George Rush
Double Bind 
September 30 - October 30, 2023

Belle Isle Viewing Room is pleased to present George Rush: Double Bind. Rush has created  twenty new oil paintings based on selections from his ongoing archive of cell phone photographs: a cruise ship in port under a stormy sky, a decoy owl on a kitchen counter, a detail from a painting by Jan Steen, a motel, a postmodern office building, an illustration of extinct birds of North America, a tree, images of suburban houses, an ancient Roman sculpture of a drunk satyr, a car flipped over on a suburban street, a shelf of self-help books about love and sex, a parking lot at dusk, magazines about guns, tract housing, a strip mall at night, a Rockwell Kent painting of Vermont, an advertisement for Tinder, an empty window, the sun.

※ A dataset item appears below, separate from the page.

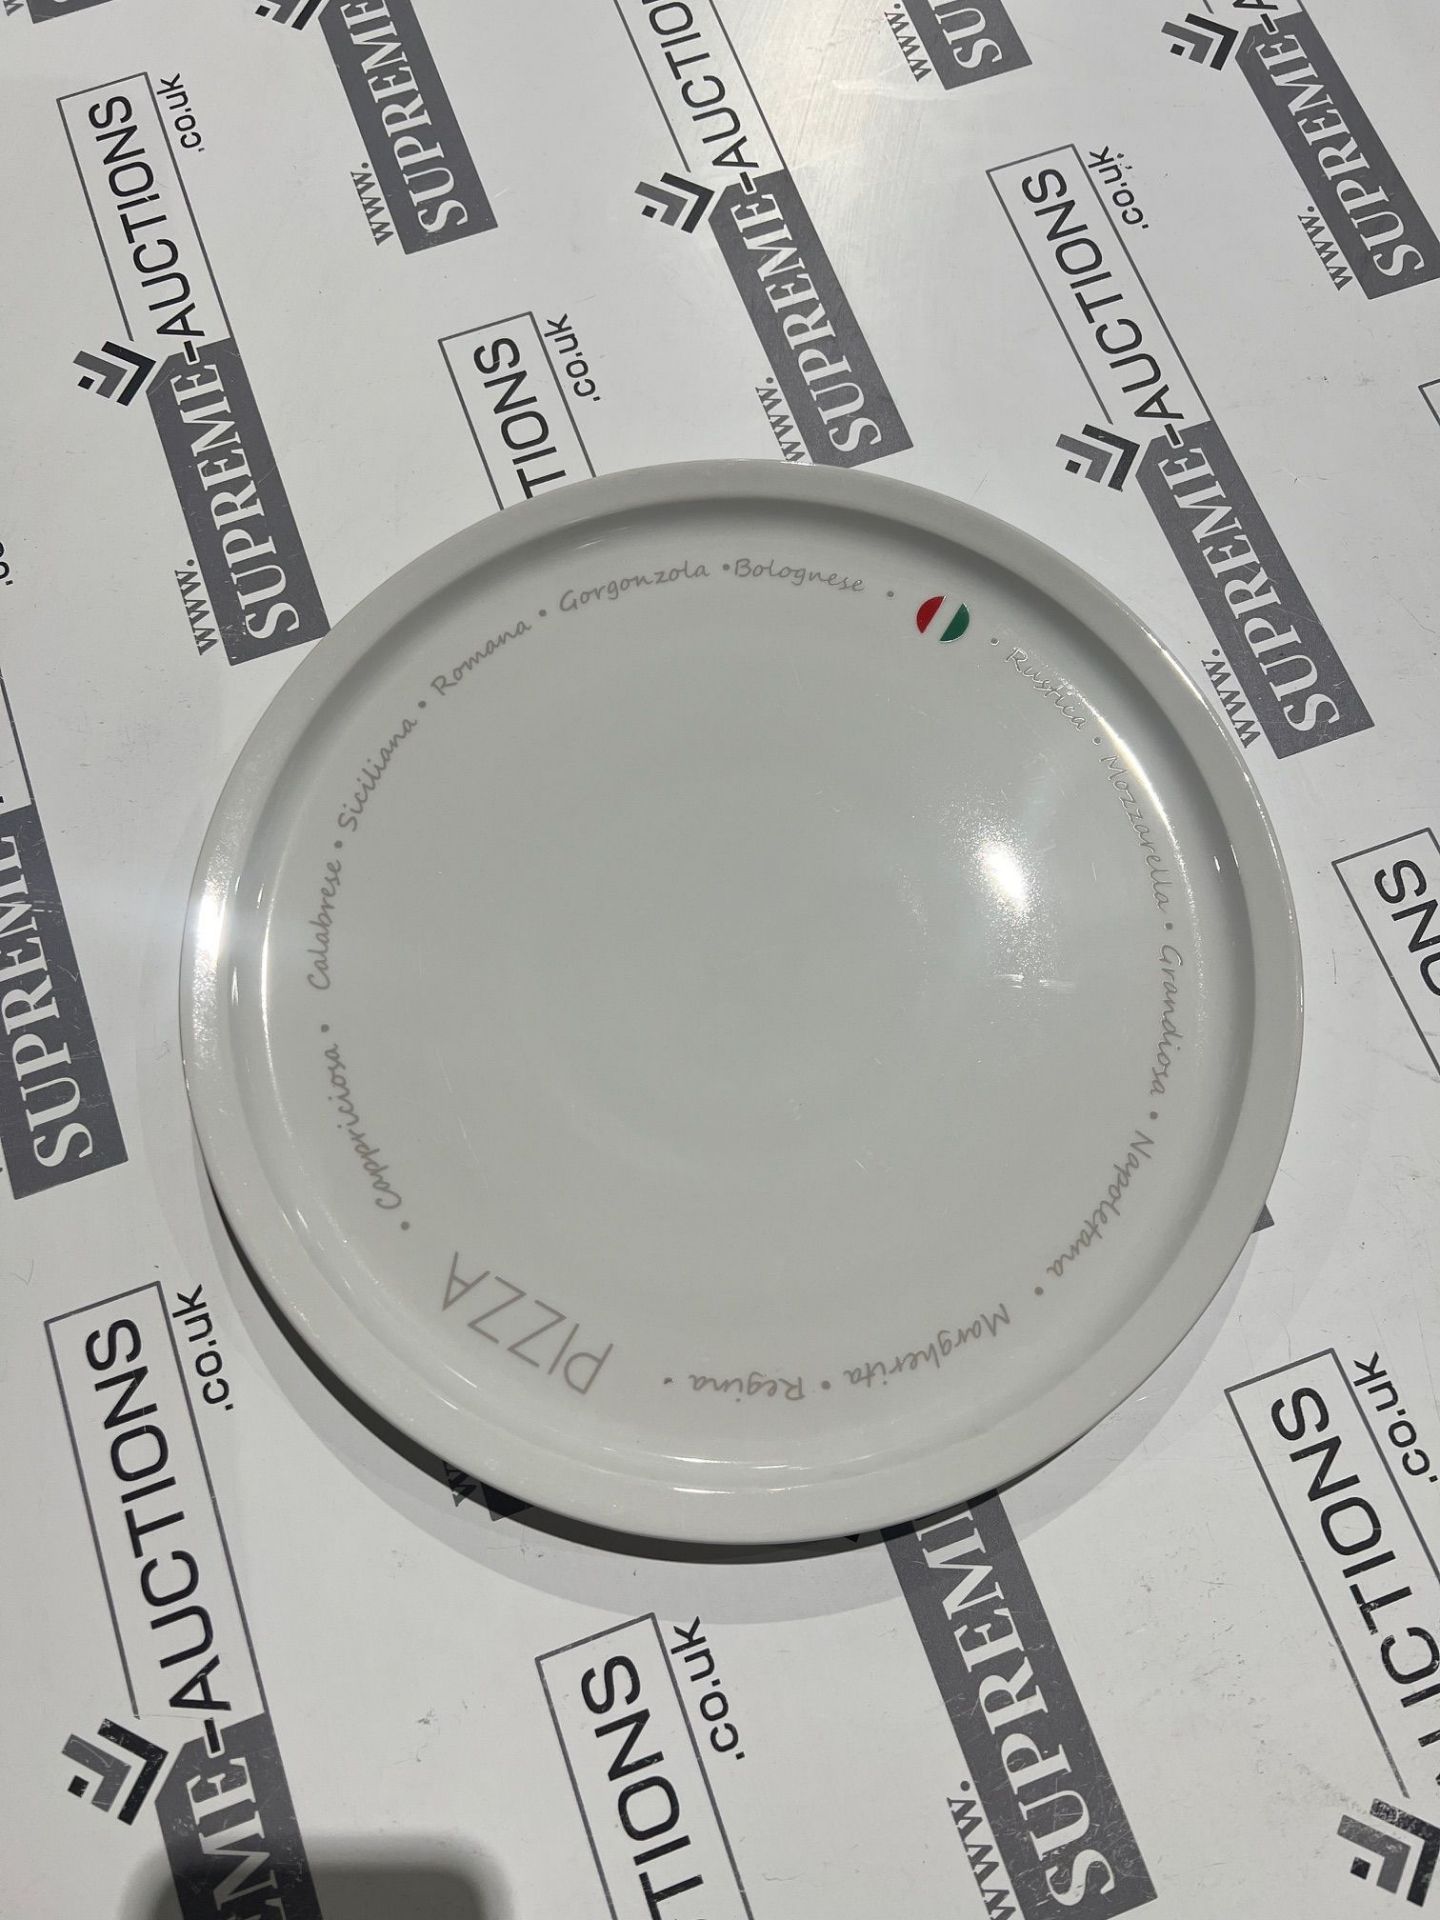 72 X BRAND NEW ARTMADIS NOVASTYL PIZZA ROUND PLATES WITH FLAG DETAIL, Dishwasher and microwavable - Image 2 of 2

Rush is interested in presenting images that contain quiet, unresolved conflict and often the promise of resolution feels just out of reach: why these books, these magazines, these houses? These paintings are both generous and withholding -- a realistically depicted window is rich in surface and light but offers no view. Some feature objects seemingly out of place—why would a decoy owl be used inside a kitchen? Rush presents us with a suite of paintings that don’t cohere into a narrative; they become a constellation of moments, a specific view of the present in suburban America.

 

Structurally, Rush is interested in how multiplicity and variation works---what does a suite of twenty paintings of a broad array of images do. Twenty is too many to keep track of at one time, and yet feels somehow manageable: a double album is about twenty tracks, a novel might have twenty chapters, there are 26 letters in the modern alphabet. At the same time, we are increasingly offered access to “comprehensive” collections, encyclopedic archives of images (Getty, MoMA), music (Spotify), information (Wikipedia). There is a fallacy of ownership, of access, of understanding: that one day we will have it all, listen to it all, understand it all. Instead, we are just scrolling, smug in our daydream about the day when we’ll have the time to really get serious and learn German or listen to all of Miles Davis or read every Balzac novel. But there are moments of beauty and intimacy and humor in Rush’s paintings and a kind of optimism: there are blue skies after all, the promise of sex and pleasure and reconciliation, a life to be lived.